Ante la guerra contra la pandemia por el covid-19, los actores sociales determinantes son los galenos y todo el conjunto de personas que apoyan sus labores para atender tal desafío. Dos momentos históricos precisos han puesto a prueba su participación ante una crisis de esa naturaleza; el primero en el contexto de la Campaña Nacional de 1856-1857, el segundo en el momento actual, 2020.

La Campaña Nacional contra la invasión filibustera, presentó un escenario desconocido pues el país no había tenido un prolegómeno bélico contra fuerzas extranjeras. El estado mayor, dirigido por el presidente Juan Rafael Mora Porras, contó con las previsiones de un cuerpo médico facultado para la atención de los heridos en la guerra.

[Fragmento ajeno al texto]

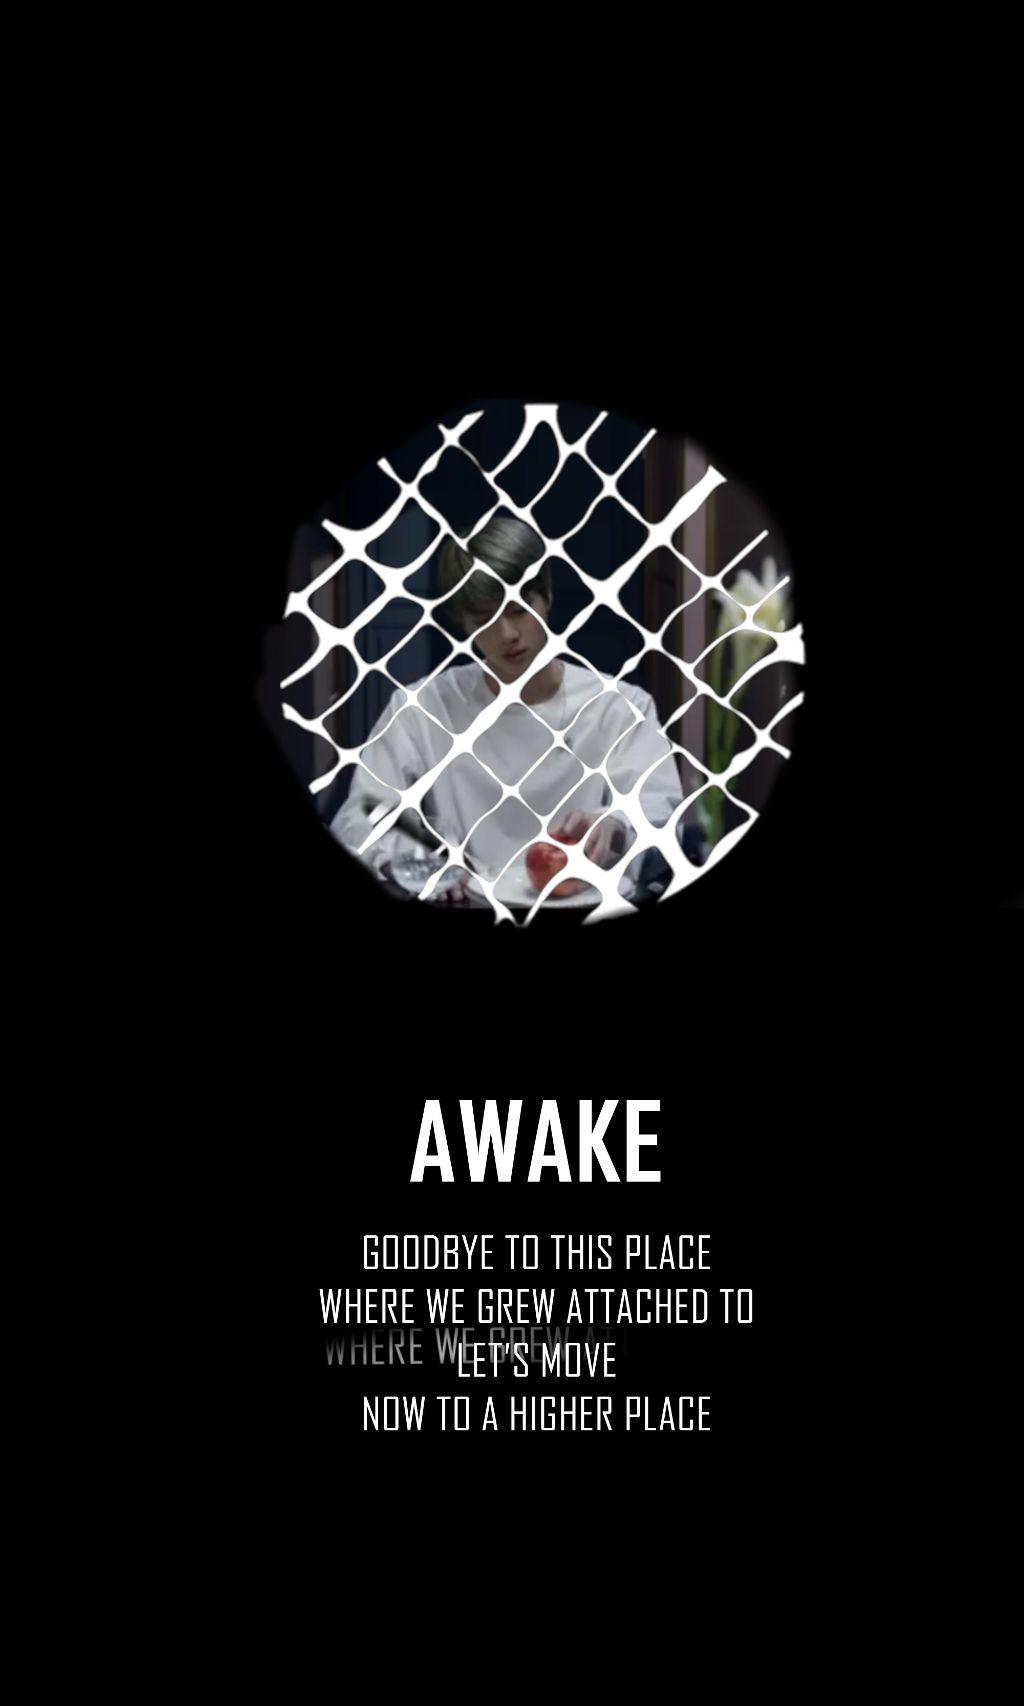 Jin Awake I Ll Do Loveyourself Wallpapers Next Bts

La cruzada médica fue dirigida por el doctor Karl Hoffman, un joven médico de origen alemán, nombrado por Mora como cirujano mayor del ejército; un naturalista quien dos años antes había llegado a Costa Rica, con los deseos de explorar la naturaleza del trópico. Junto a él, varios médicos nacionales y foráneos atendieron los sucesos de la campaña. En las Batallas de Sardinal, de Santa Rosa y de Rivas, especialmente; se puso a prueba la tenacidad del cuerpo clínico.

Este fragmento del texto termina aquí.